Task directions | Please make an exact copy of the listing, without the pictures.

....

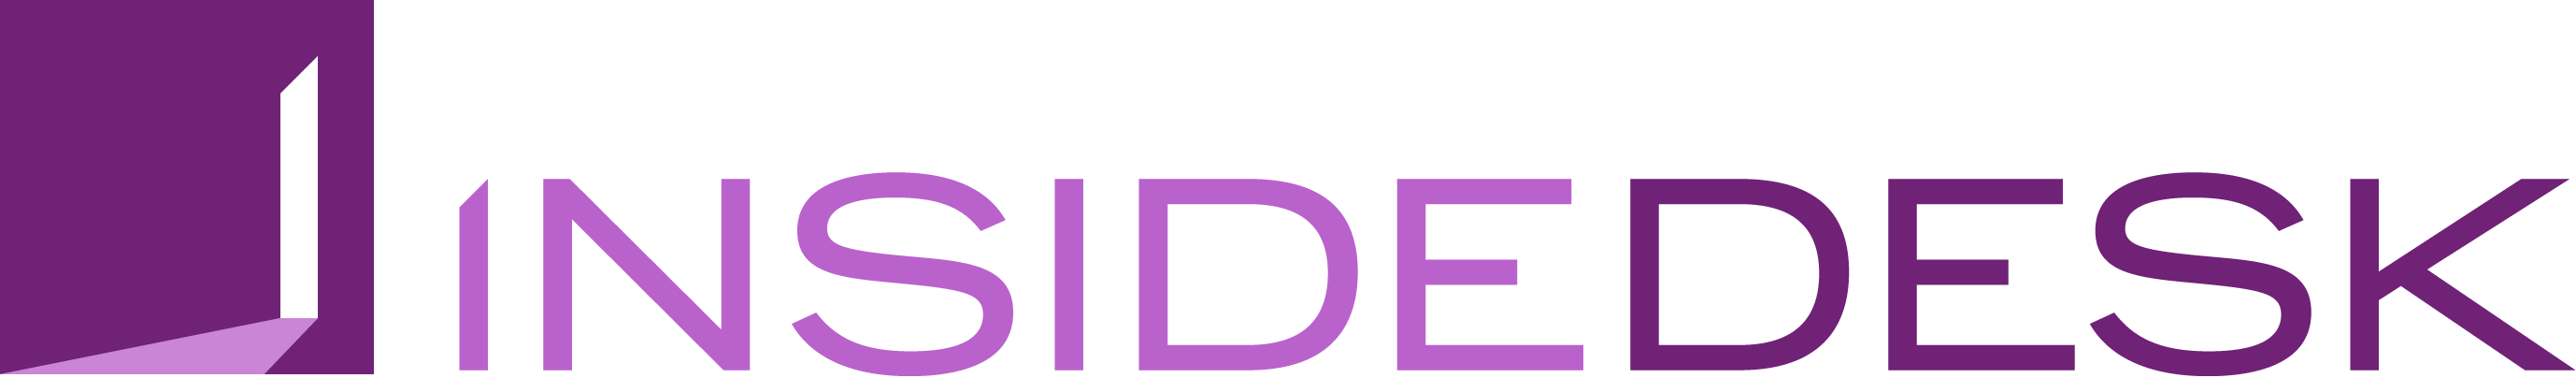 insidedesk-logo-large
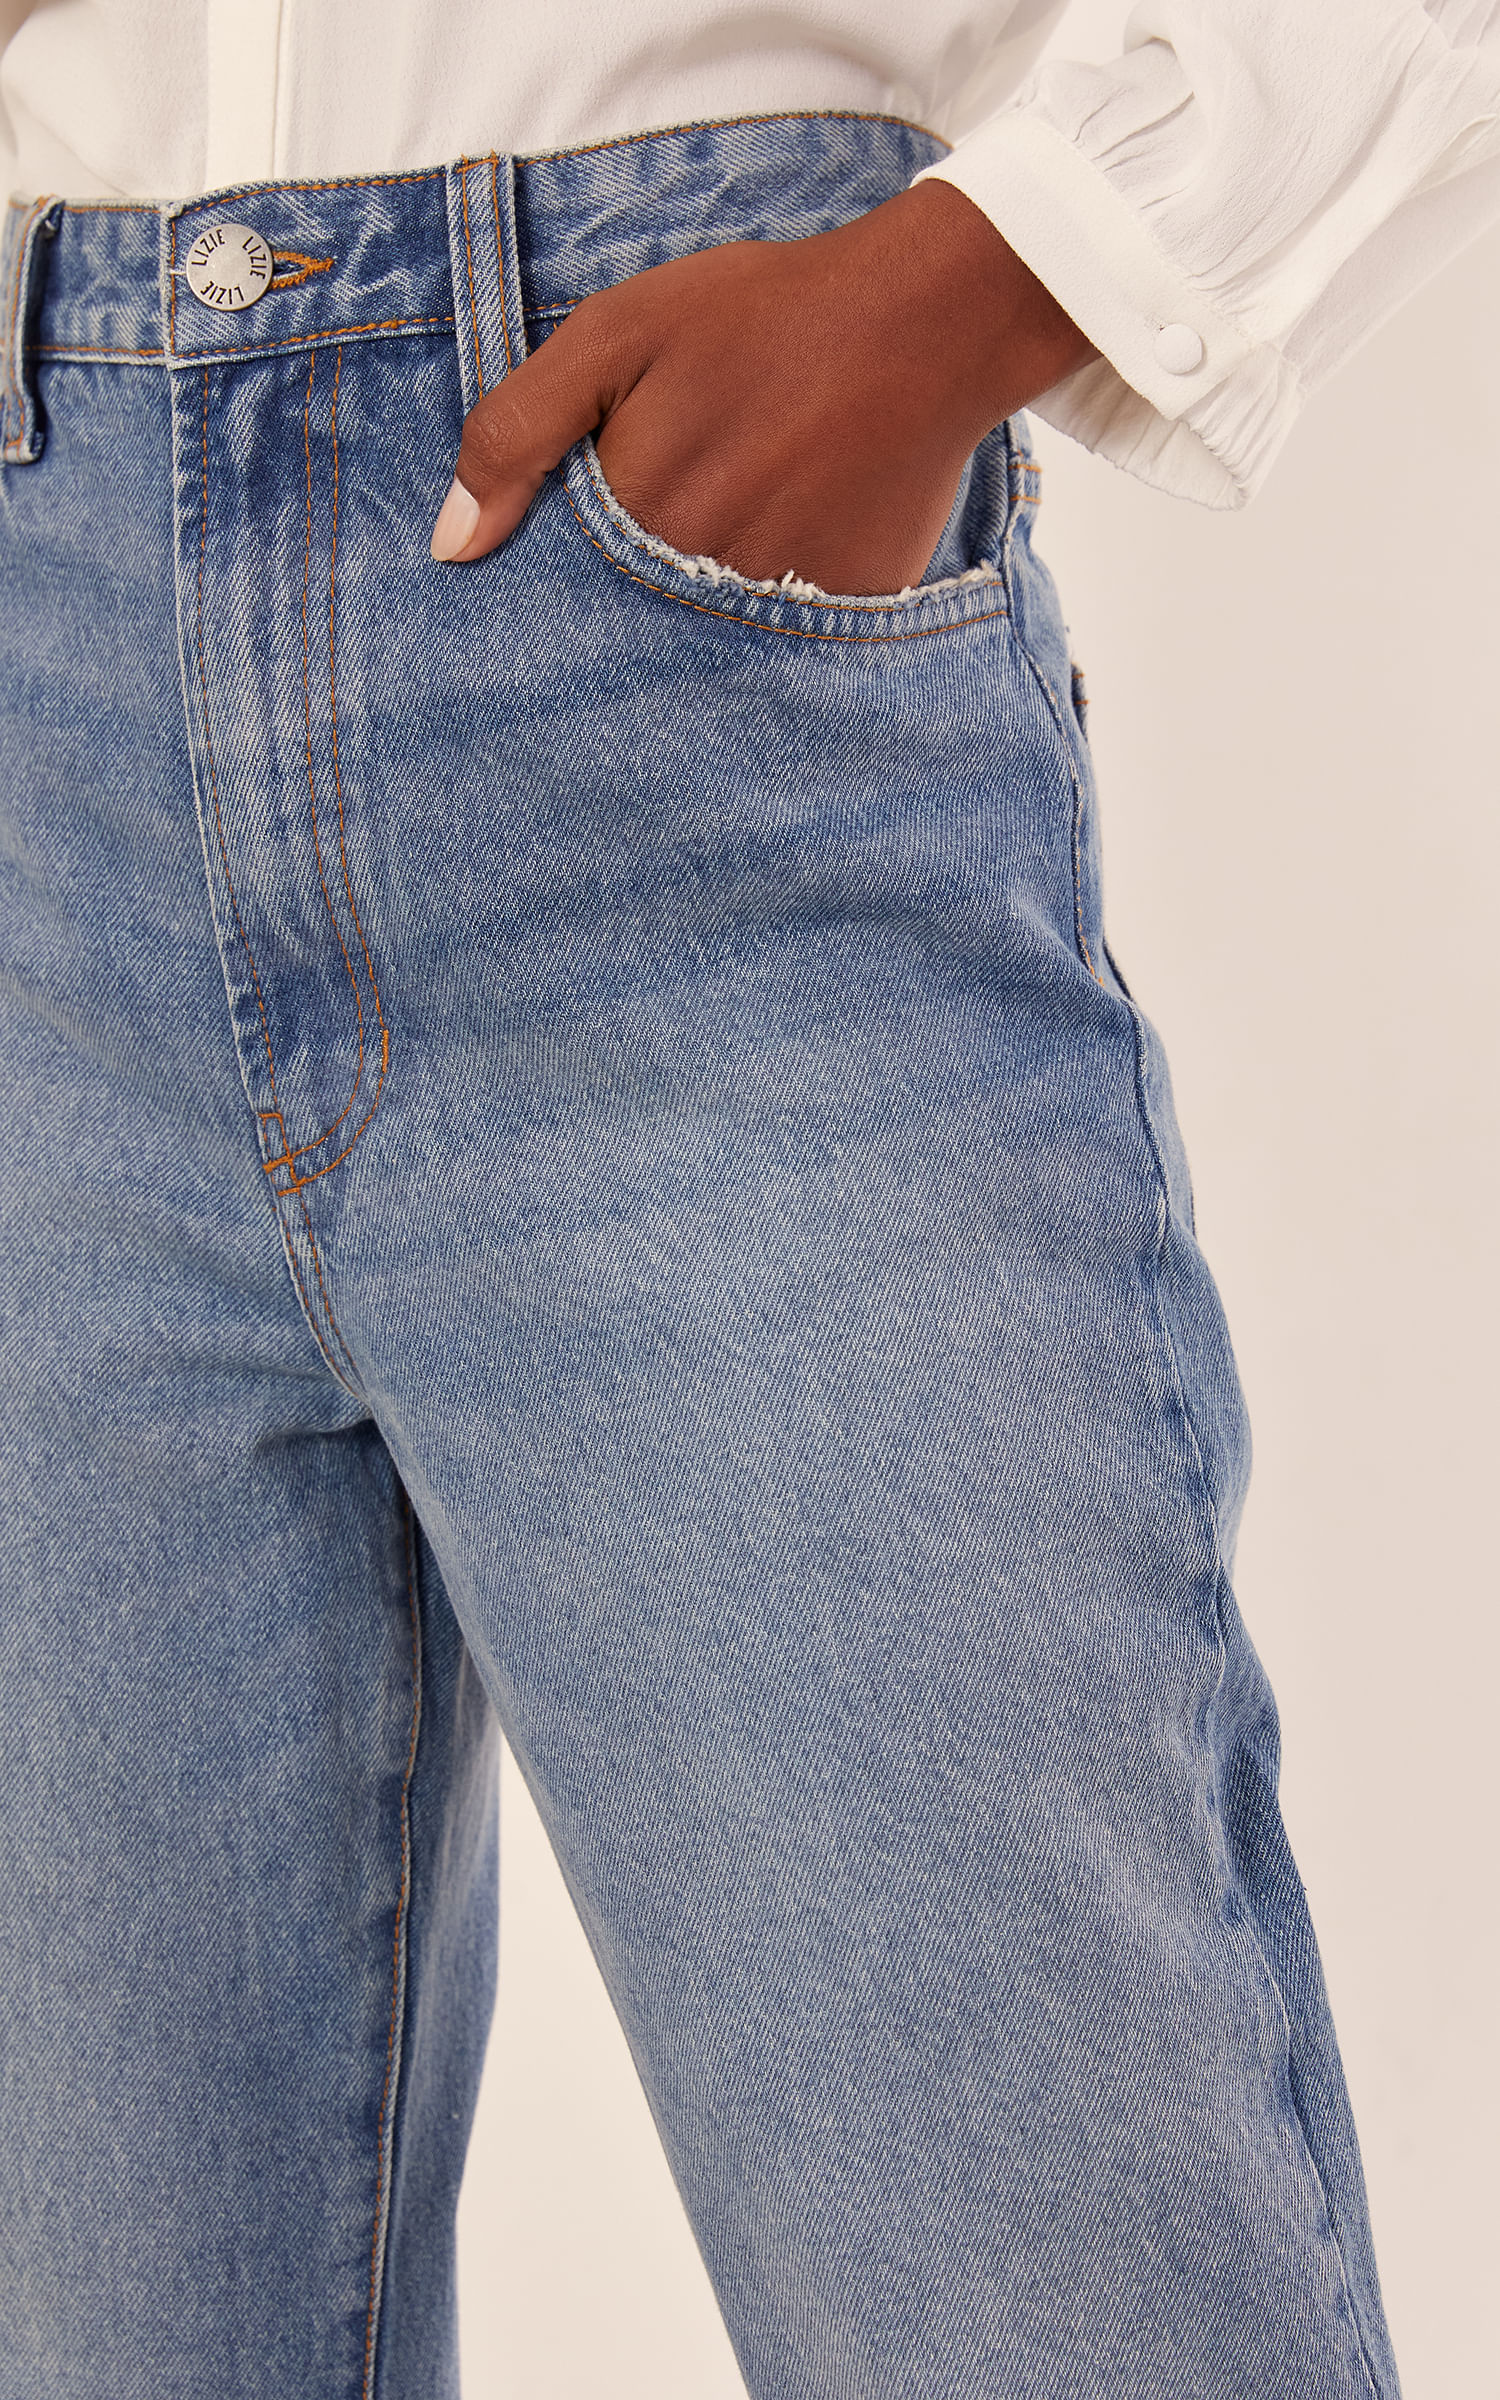 Como usar Calça Jeans Reta?, Dicas pra você não errar
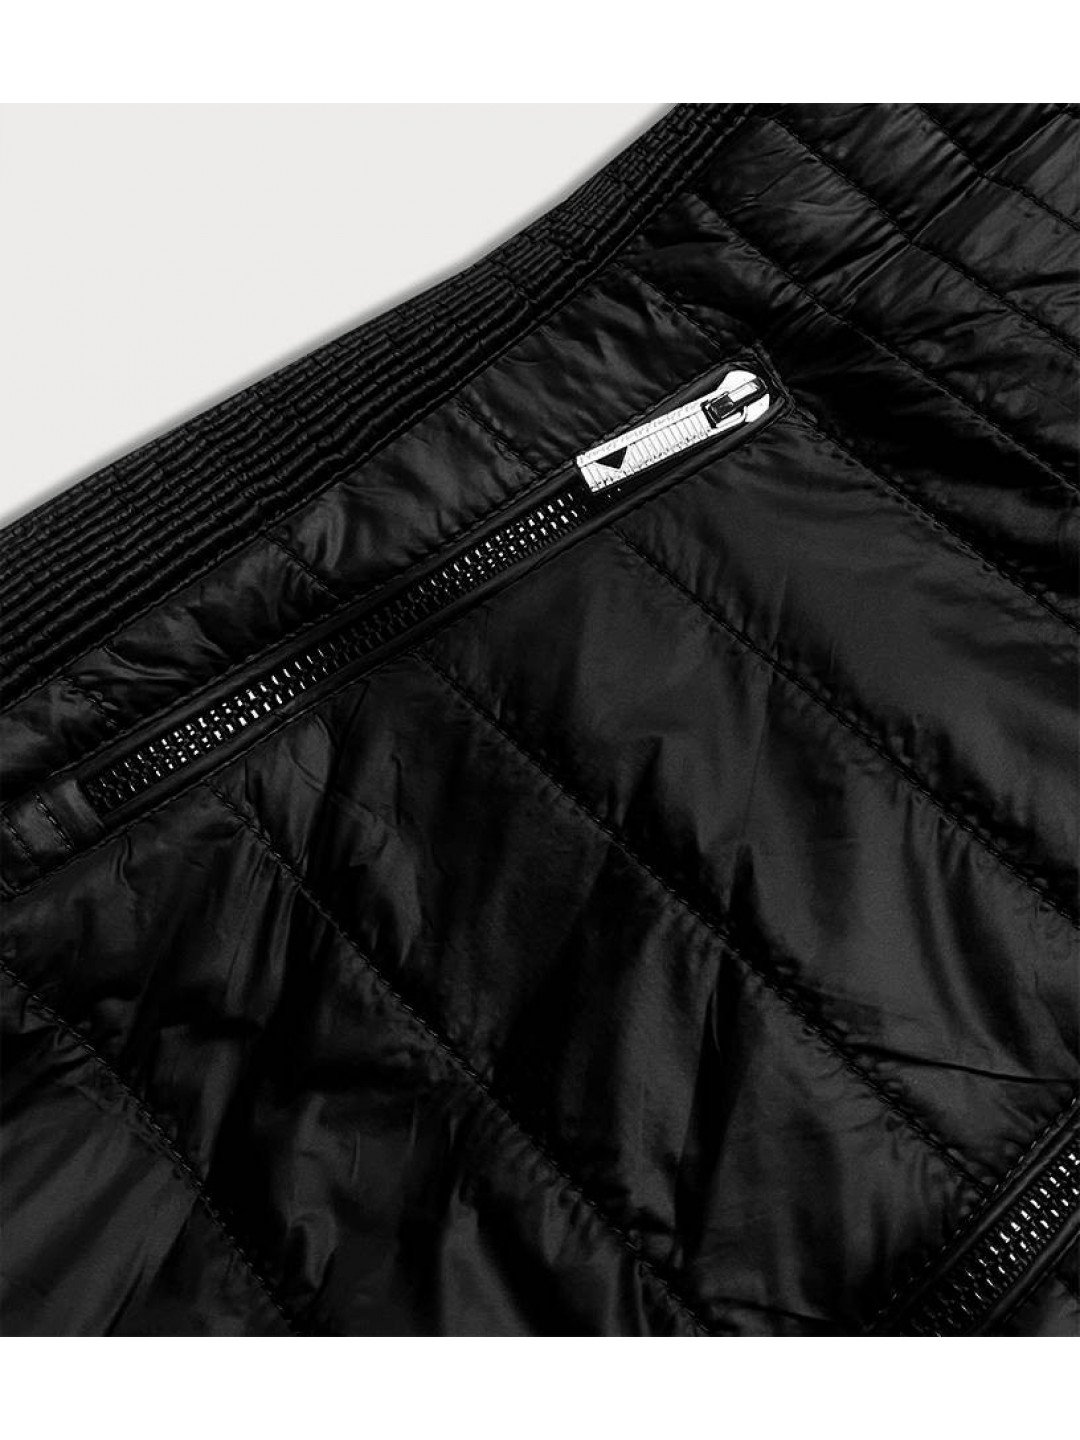 Černá prošívaná dámská bunda s vsadkami černá XXL 44 model 17047650 – ATURE
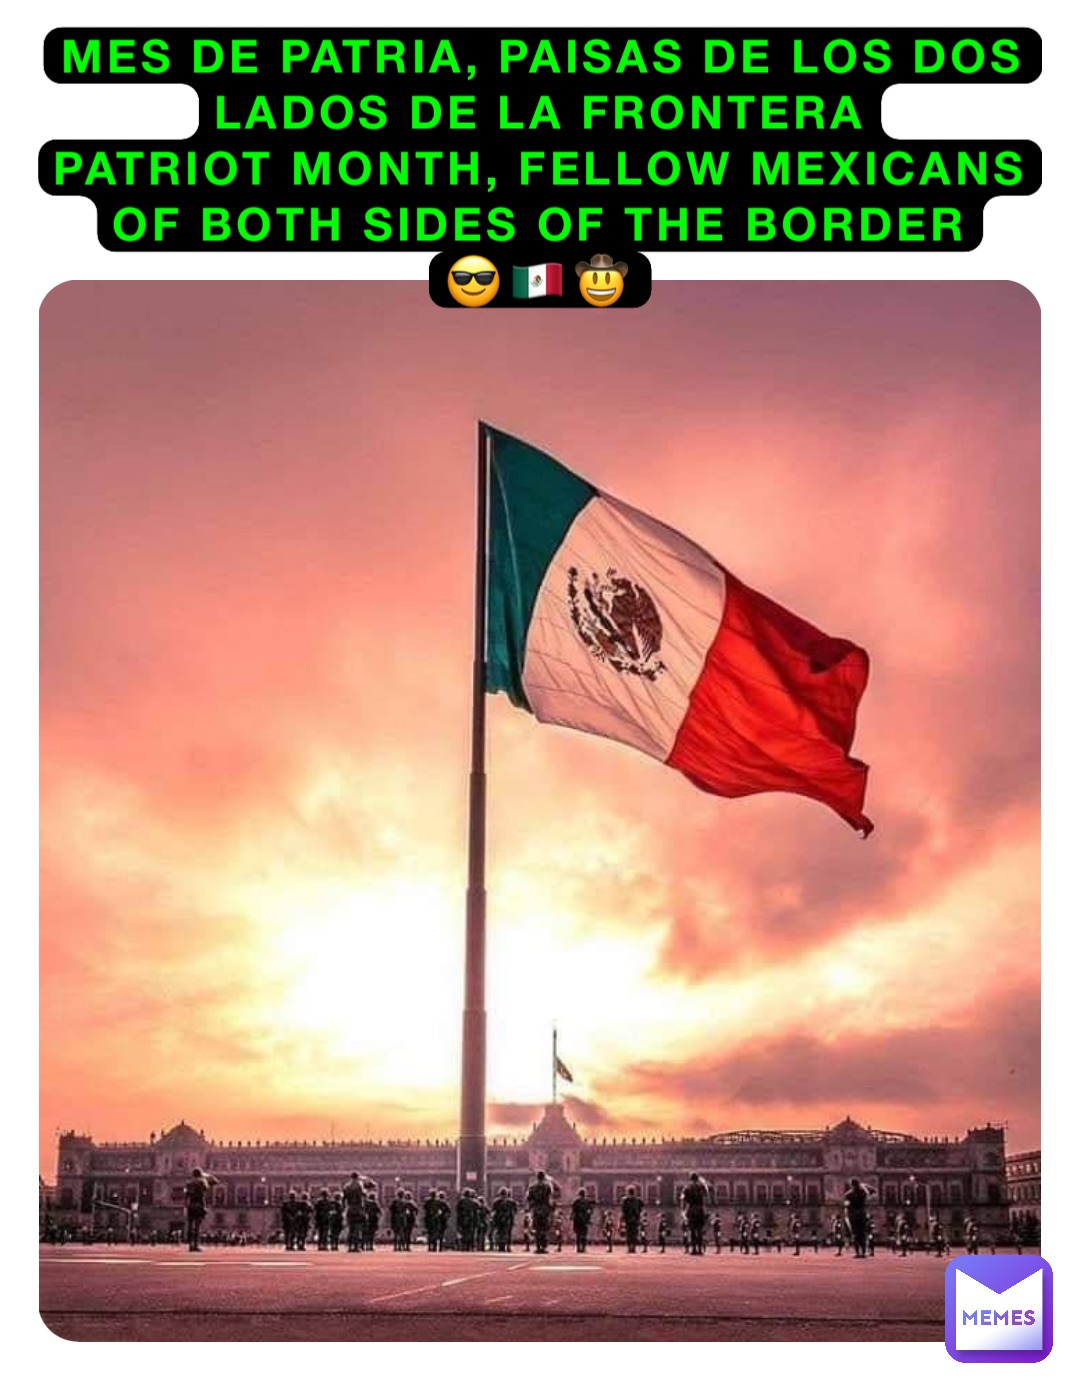 Mes de Patria, Paisas de los dos lados de la frontera
Patriot Month, fellow Mexicans of both sides of the Border
😎🇲🇽🤠

....

Answer box |
 insidedesk-logo-large
 Como usar Calça Jeans Reta?, Dicas pra você não errar
 Černá prošívaná dámská bunda s vsadkami černá XXL 44 model 17047650 – ATURE
 Mes de Patria, Paisas de los dos lados de la frontera
Patriot Month, fellow Mexicans of both sides of the Border
😎🇲🇽🤠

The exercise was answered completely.